* **Assignment**: Each entry below is to be copied out exactly and in full.

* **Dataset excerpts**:
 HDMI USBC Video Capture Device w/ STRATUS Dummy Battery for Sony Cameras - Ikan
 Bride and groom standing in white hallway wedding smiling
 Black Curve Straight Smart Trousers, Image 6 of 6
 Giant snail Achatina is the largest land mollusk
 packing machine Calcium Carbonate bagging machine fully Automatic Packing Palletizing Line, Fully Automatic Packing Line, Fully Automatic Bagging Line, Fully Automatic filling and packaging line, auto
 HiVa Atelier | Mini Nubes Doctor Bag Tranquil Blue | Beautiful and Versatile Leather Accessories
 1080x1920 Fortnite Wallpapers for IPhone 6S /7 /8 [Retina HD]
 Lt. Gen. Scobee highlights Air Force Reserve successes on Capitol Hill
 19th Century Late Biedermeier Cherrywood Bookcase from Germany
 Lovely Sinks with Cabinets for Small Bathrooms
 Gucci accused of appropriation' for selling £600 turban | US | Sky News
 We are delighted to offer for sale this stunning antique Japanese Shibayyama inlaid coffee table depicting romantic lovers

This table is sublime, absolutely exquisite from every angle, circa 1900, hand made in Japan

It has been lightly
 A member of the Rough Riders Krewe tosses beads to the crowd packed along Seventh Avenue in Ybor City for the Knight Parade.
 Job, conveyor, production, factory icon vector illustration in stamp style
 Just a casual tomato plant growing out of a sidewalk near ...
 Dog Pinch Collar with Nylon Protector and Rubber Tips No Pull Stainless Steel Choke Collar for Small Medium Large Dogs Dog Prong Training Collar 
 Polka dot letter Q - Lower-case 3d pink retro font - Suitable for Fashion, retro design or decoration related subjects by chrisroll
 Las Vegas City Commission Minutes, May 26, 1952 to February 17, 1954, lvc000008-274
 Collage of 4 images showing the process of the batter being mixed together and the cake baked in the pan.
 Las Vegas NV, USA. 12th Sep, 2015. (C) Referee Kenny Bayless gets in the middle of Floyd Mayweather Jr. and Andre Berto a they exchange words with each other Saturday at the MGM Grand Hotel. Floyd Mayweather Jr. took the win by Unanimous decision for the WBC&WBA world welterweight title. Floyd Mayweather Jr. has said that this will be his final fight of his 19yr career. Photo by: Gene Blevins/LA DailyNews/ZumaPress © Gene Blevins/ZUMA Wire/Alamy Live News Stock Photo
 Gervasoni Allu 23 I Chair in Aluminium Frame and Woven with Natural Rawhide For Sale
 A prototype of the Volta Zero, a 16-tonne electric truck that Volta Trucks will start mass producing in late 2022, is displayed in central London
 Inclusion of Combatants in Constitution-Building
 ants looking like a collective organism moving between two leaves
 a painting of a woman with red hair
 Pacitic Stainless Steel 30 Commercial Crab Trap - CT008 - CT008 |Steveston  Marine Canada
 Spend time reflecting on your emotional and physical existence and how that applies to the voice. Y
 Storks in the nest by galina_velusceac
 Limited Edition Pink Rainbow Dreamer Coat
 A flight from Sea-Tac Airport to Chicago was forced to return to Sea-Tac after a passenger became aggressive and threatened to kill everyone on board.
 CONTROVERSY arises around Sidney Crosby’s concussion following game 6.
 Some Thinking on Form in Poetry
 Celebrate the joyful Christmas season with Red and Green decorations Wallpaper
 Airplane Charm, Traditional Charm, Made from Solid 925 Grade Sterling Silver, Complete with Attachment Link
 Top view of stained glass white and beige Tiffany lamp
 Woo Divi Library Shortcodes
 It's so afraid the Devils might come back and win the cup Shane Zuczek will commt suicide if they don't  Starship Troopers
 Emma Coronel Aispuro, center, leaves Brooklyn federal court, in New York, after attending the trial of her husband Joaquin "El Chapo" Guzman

* **Result for this task**:
 HDMI USBC Video Capture Device w/ STRATUS Dummy Battery for Sony Cameras - Ikan
 Bride and groom standing in white hallway wedding smiling
 Black Curve Straight Smart Trousers, Image 6 of 6
 Giant snail Achatina is the largest land mollusk
 packing machine Calcium Carbonate bagging machine fully Automatic Packing Palletizing Line, Fully Automatic Packing Line, Fully Automatic Bagging Line, Fully Automatic filling and packaging line, auto
 HiVa Atelier | Mini Nubes Doctor Bag Tranquil Blue | Beautiful and Versatile Leather Accessories
 1080x1920 Fortnite Wallpapers for IPhone 6S /7 /8 [Retina HD]
 Lt. Gen. Scobee highlights Air Force Reserve successes on Capitol Hill
 19th Century Late Biedermeier Cherrywood Bookcase from Germany
 Lovely Sinks with Cabinets for Small Bathrooms
 Gucci accused of appropriation' for selling £600 turban | US | Sky News
 We are delighted to offer for sale this stunning antique Japanese Shibayyama inlaid coffee table depicting romantic lovers

This table is sublime, absolutely exquisite from every angle, circa 1900, hand made in Japan

It has been lightly
 A member of the Rough Riders Krewe tosses beads to the crowd packed along Seventh Avenue in Ybor City for the Knight Parade.
 Job, conveyor, production, factory icon vector illustration in stamp style
 Just a casual tomato plant growing out of a sidewalk near ...
 Dog Pinch Collar with Nylon Protector and Rubber Tips No Pull Stainless Steel Choke Collar for Small Medium Large Dogs Dog Prong Training Collar 
 Polka dot letter Q - Lower-case 3d pink retro font - Suitable for Fashion, retro design or decoration related subjects by chrisroll
 Las Vegas City Commission Minutes, May 26, 1952 to February 17, 1954, lvc000008-274
 Collage of 4 images showing the process of the batter being mixed together and the cake baked in the pan.
 Las Vegas NV, USA. 12th Sep, 2015. (C) Referee Kenny Bayless gets in the middle of Floyd Mayweather Jr. and Andre Berto a they exchange words with each other Saturday at the MGM Grand Hotel. Floyd Mayweather Jr. took the win by Unanimous decision for the WBC&WBA world welterweight title. Floyd Mayweather Jr. has said that this will be his final fight of his 19yr career. Photo by: Gene Blevins/LA DailyNews/ZumaPress © Gene Blevins/ZUMA Wire/Alamy Live News Stock Photo
 Gervasoni Allu 23 I Chair in Aluminium Frame and Woven with Natural Rawhide For Sale
 A prototype of the Volta Zero, a 16-tonne electric truck that Volta Trucks will start mass producing in late 2022, is displayed in central London
 Inclusion of Combatants in Constitution-Building
 ants looking like a collective organism moving between two leaves
 a painting of a woman with red hair
 Pacitic Stainless Steel 30 Commercial Crab Trap - CT008 - CT008 |Steveston  Marine Canada
 Spend time reflecting on your emotional and physical existence and how that applies to the voice. Y
 Storks in the nest by galina_velusceac
 Limited Edition Pink Rainbow Dreamer Coat
 A flight from Sea-Tac Airport to Chicago was forced to return to Sea-Tac after a passenger became aggressive and threatened to kill everyone on board.
 CONTROVERSY arises around Sidney Crosby’s concussion following game 6.
 Some Thinking on Form in Poetry
 Celebrate the joyful Christmas season with Red and Green decorations Wallpaper
 Airplane Charm, Traditional Charm, Made from Solid 925 Grade Sterling Silver, Complete with Attachment Link
 Top view of stained glass white and beige Tiffany lamp
 Woo Divi Library Shortcodes
 It's so afraid the Devils might come back and win the cup Shane Zuczek will commt suicide if they don't  Starship Troopers
 Emma Coronel Aispuro, center, leaves Brooklyn federal court, in New York, after attending the trial of her husband Joaquin "El Chapo" Guzman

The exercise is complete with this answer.